ASSIGNED TASK ->
Among the entries below, one line contains "Set Of 4 Vintage Chairs" and another contains "Shop with Confidence". Transcribe those two lines and every line between them, exactly.

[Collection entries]
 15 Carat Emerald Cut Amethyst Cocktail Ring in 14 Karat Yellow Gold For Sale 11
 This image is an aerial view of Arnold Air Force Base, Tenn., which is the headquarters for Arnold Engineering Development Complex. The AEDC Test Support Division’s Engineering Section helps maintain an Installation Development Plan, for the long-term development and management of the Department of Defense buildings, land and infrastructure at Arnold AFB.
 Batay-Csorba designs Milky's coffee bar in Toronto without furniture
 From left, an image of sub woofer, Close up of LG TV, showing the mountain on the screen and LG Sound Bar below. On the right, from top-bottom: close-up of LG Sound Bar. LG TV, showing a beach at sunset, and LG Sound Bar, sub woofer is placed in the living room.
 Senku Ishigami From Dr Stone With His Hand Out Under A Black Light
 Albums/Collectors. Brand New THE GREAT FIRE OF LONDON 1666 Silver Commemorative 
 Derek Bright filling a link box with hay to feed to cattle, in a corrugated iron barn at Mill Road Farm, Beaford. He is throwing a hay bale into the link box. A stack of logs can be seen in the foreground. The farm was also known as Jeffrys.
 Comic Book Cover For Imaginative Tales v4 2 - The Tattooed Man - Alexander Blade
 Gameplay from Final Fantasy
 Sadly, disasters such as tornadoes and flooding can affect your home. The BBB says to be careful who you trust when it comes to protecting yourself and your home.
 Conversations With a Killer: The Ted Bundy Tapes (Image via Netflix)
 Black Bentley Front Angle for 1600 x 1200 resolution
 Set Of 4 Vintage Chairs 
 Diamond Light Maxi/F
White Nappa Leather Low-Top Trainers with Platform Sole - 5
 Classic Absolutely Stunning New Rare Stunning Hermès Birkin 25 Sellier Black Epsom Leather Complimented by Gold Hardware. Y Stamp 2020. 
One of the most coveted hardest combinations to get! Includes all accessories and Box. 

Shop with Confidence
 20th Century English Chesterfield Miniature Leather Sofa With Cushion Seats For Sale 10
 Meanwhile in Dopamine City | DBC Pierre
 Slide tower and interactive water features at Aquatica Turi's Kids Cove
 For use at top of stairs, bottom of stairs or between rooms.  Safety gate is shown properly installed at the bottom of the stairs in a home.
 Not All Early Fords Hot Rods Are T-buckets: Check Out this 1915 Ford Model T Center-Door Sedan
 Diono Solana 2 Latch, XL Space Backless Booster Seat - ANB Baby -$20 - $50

RESULT ->
 Set Of 4 Vintage Chairs 
 Diamond Light Maxi/F
White Nappa Leather Low-Top Trainers with Platform Sole - 5
 Classic Absolutely Stunning New Rare Stunning Hermès Birkin 25 Sellier Black Epsom Leather Complimented by Gold Hardware. Y Stamp 2020. 
One of the most coveted hardest combinations to get! Includes all accessories and Box. 

Shop with Confidence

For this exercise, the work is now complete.